[Recorded data]

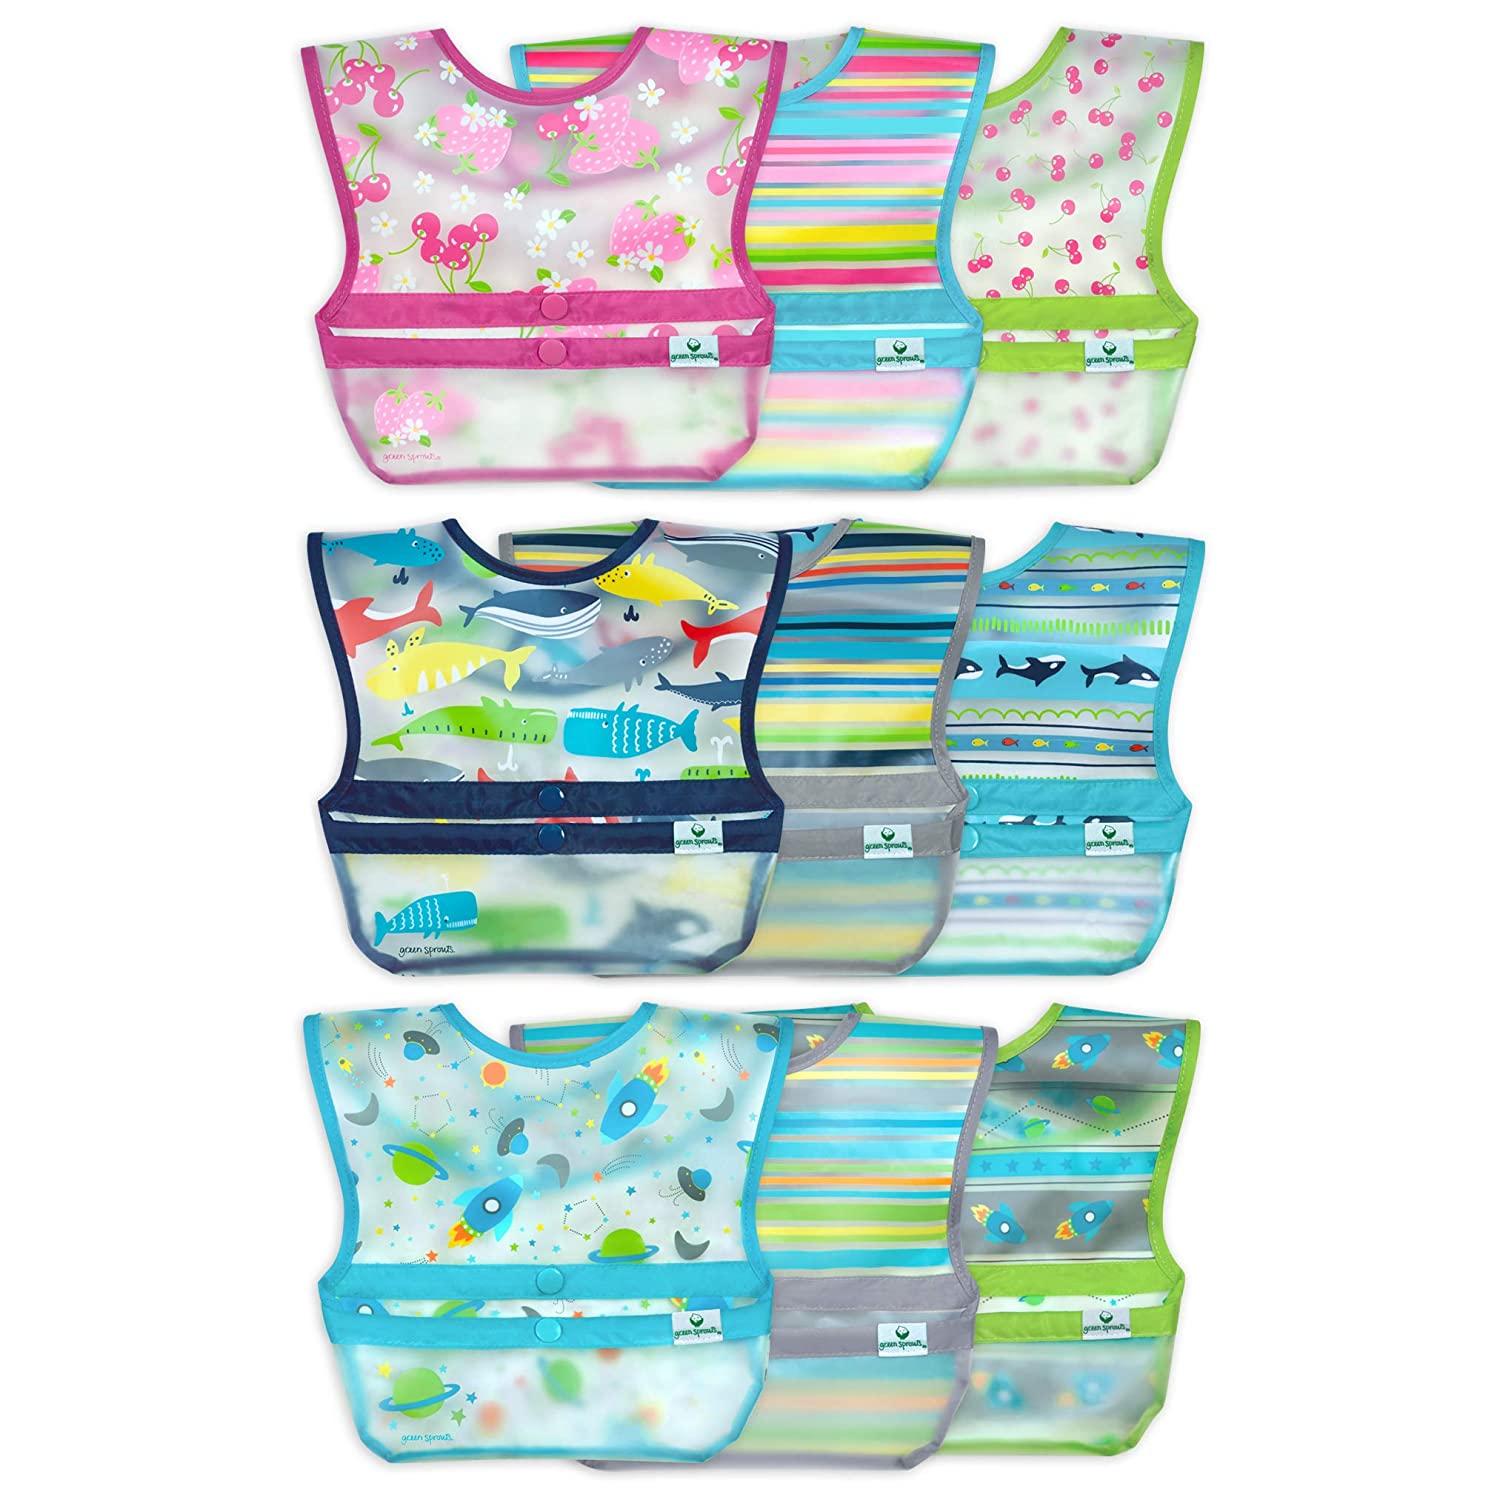 green sprouts® Snap + Go® Easy-wear Bibs (3 pack)
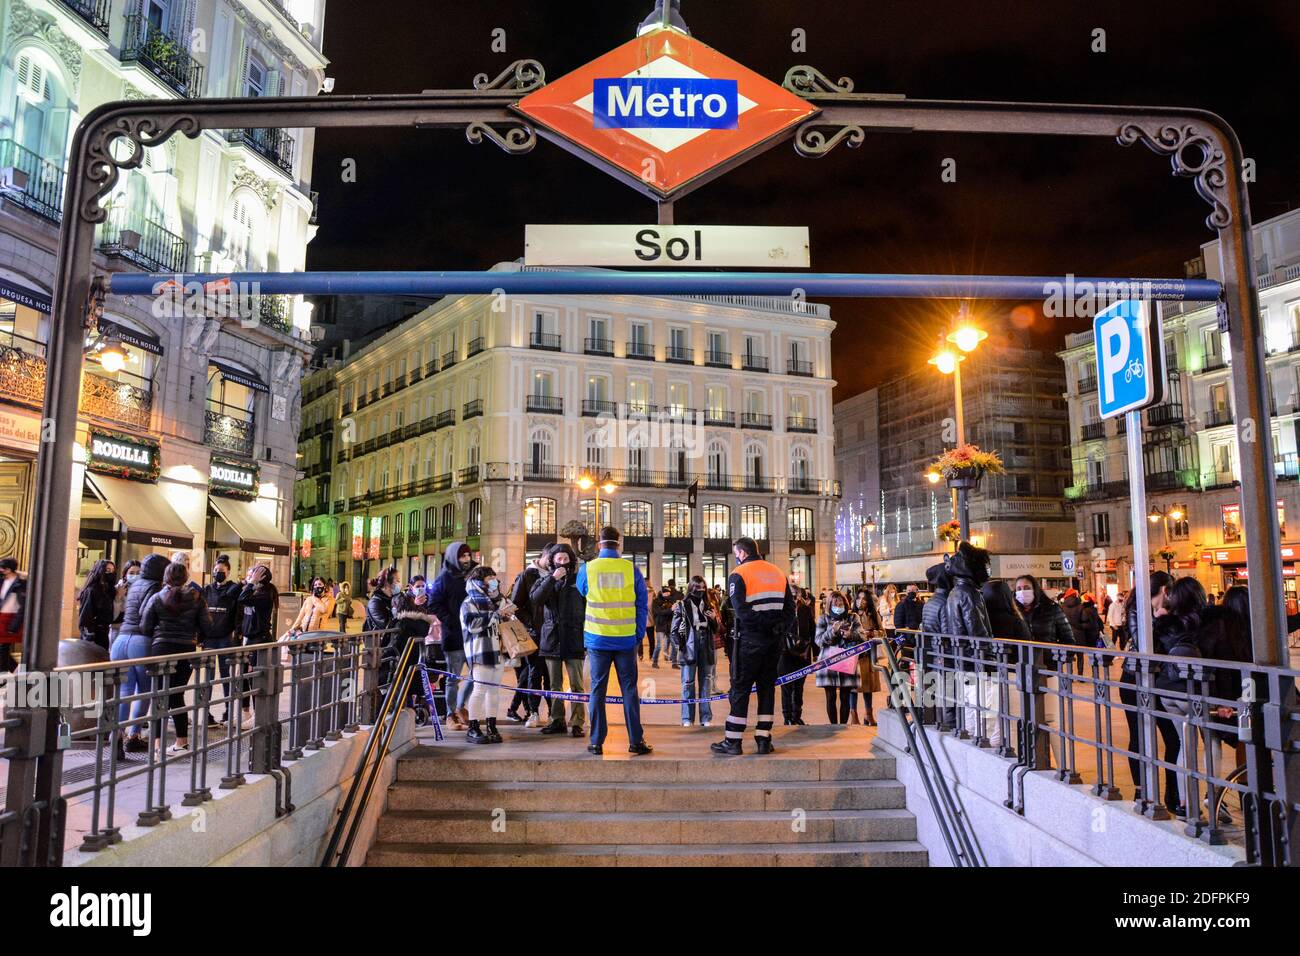 Madrid Metro operators monitor the access to Puerta del Sol Station, closed by excess of people in the central Puerta del Sol square in the capital of Spain.Restriction measures for access to Plaza de la Puerta del Sol in Madrid. The Madrid government has made the decision to monitor access to the busy Puerta del Sol square in Madrid after the covid-19 health crisis. Stock Photo
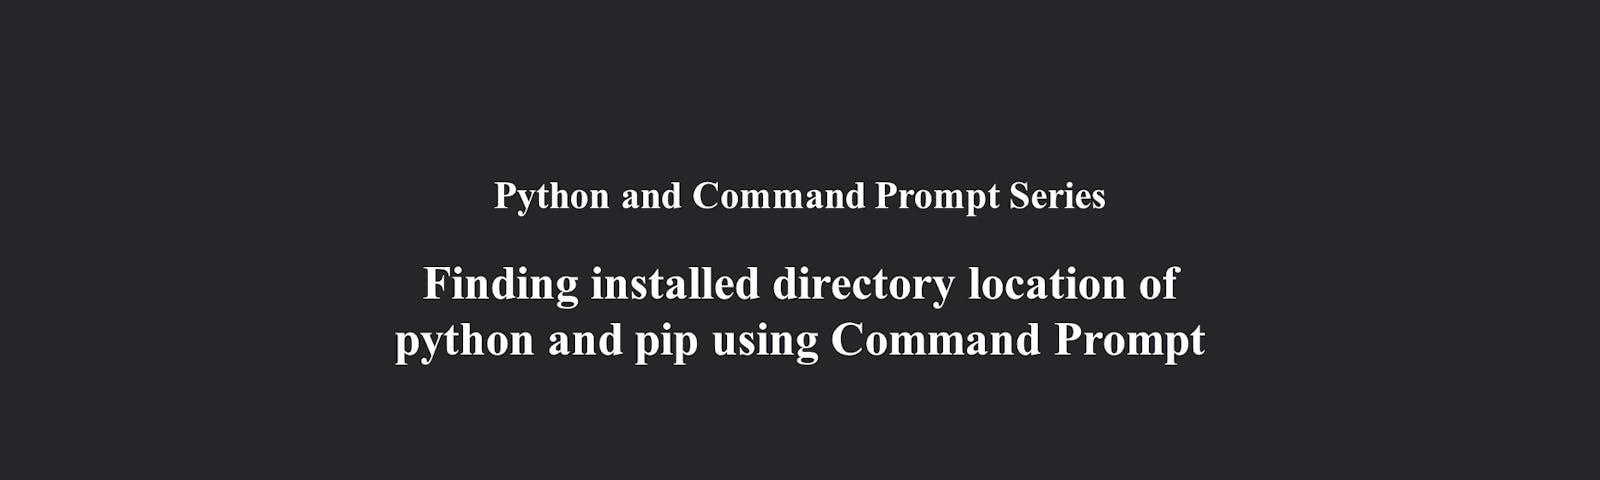 Finding installed directory location of Python and pip using Command Prompt | Python and Command Prompt Series

[/Recorded data]

Reproduce the data above without a single change, please, but without its pictures.

 green sprouts® Snap + Go® Easy-wear Bibs (3 pack)
 Madrid Metro operators monitor the access to Puerta del Sol Station, closed by excess of people in the central Puerta del Sol square in the capital of Spain.Restriction measures for access to Plaza de la Puerta del Sol in Madrid. The Madrid government has made the decision to monitor access to the busy Puerta del Sol square in Madrid after the covid-19 health crisis. Stock Photo
 Finding installed directory location of Python and pip using Command Prompt | Python and Command Prompt Series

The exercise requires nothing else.